✍️ Signage Creep and the Decline of Thoughtful Wandering

By Henry Grant

I took a walk this morning — a rare and noble act, I might add, for a man whose knees sound like poorly tuned zithers — and what should I find upon the first corner but a new sign. And not just any sign, mind you. This one read: “Do Not Linger in a Manner That Suggests Lingering.”

Naturally, I lingered.

Not out of rebellion, but from sheer bewilderment. For some months now, the Kingdom has suffered from an outbreak of signage creep — an affliction wherein every post, gate, and moderately vertical goat is hung with a scroll advising, warning, or politely commanding something. There are signs directing foot traffic around puddles. Signs declaring fountains as “Not Fit for Dramatic Pondering.” Signs reminding citizens that loitering near statues is “emotionally disruptive to the commemorated.”

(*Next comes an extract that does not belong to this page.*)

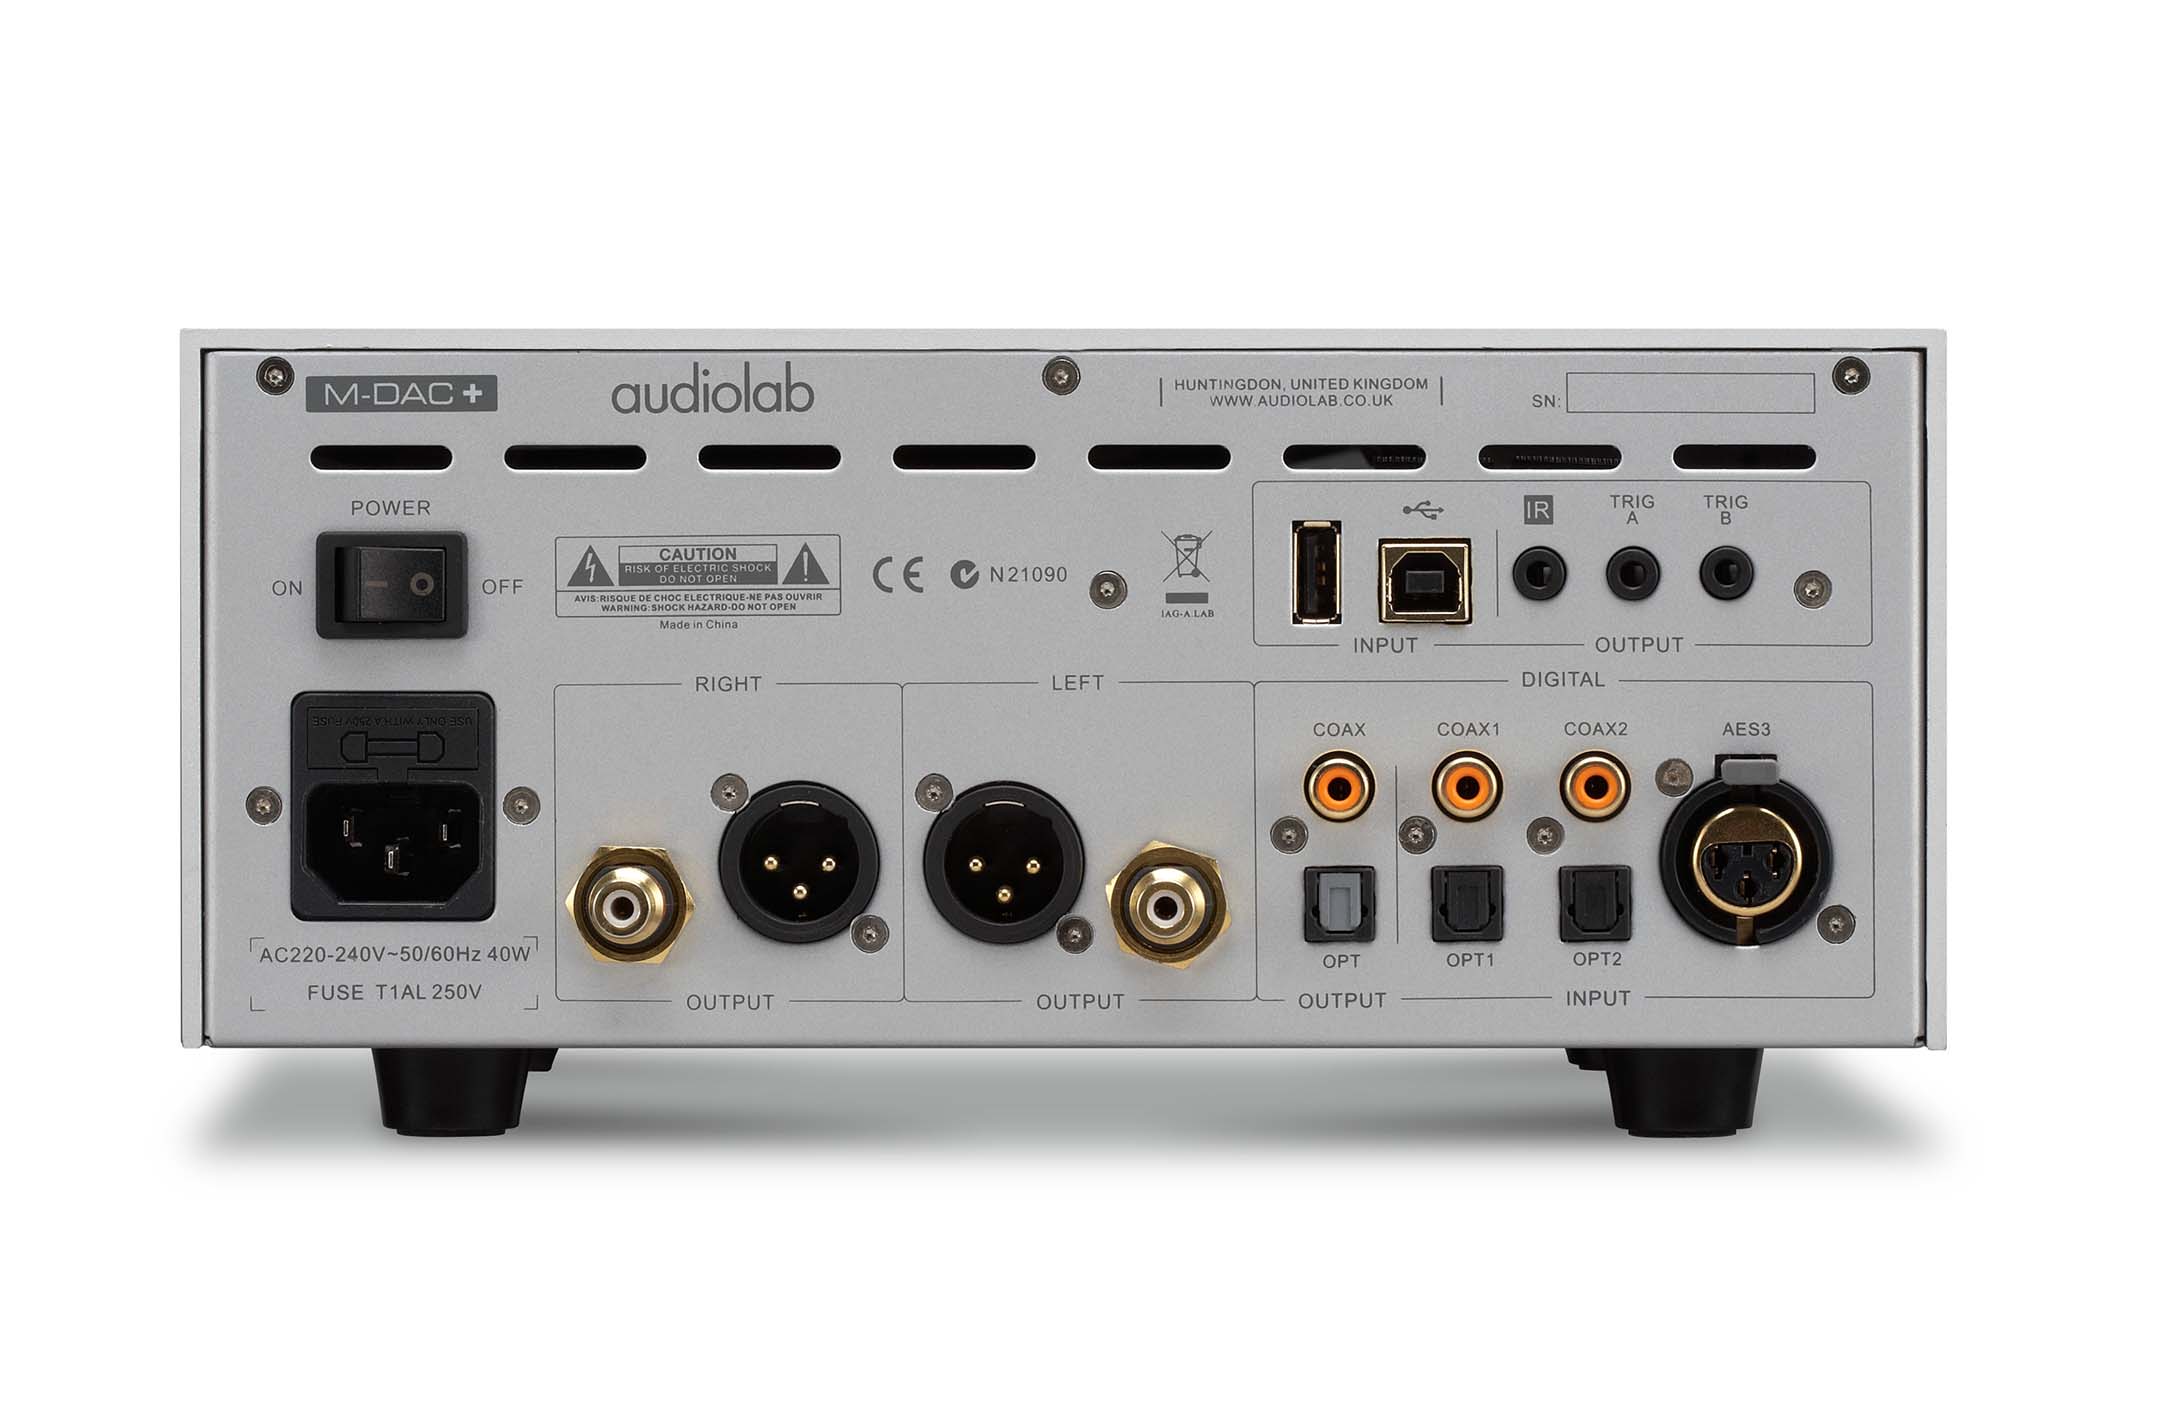 M-DAC+ (plus) - Audiolab
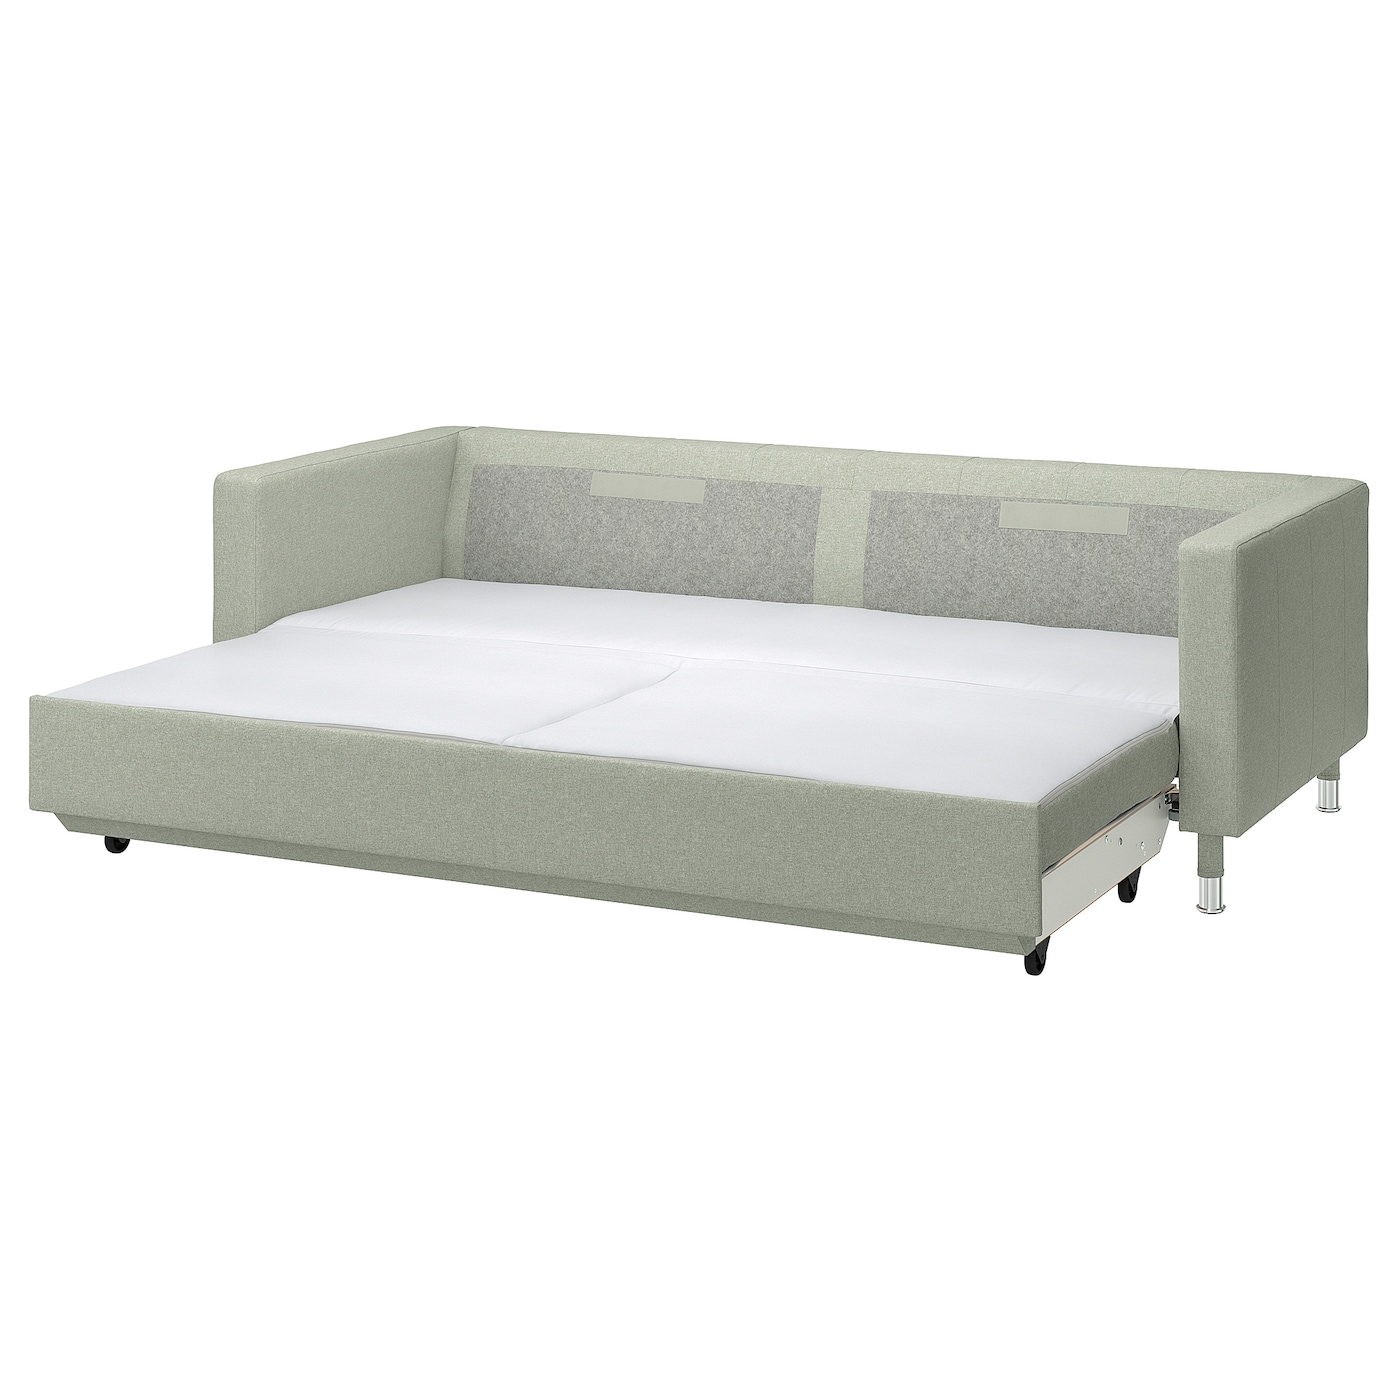 3-местный диван-кровать - IKEA LANDSKRONA, 84x92x223см, зеленый, ЛАНДСКРУНА ИКЕА

Where once a man could drift aimlessly through the streets of Inverness, allowing the day to unfold like warm parchment, now he is hemmed in by a barrage of bossy wood.

I do not blame the carpenters. They carve what they are paid to carve. I blame bored departments. I blame subcommittees with surplus budgets. I blame, as always, the Ministry of Mild Interference.

Let me be clear: some signage is necessary. “Bridge ends here” is useful. “Do not poke the goose” is, regrettably, essential. But there must be a line.

Let Eyehasseen remain a place where one might, just occasionally, go nowhere in particular without being told how.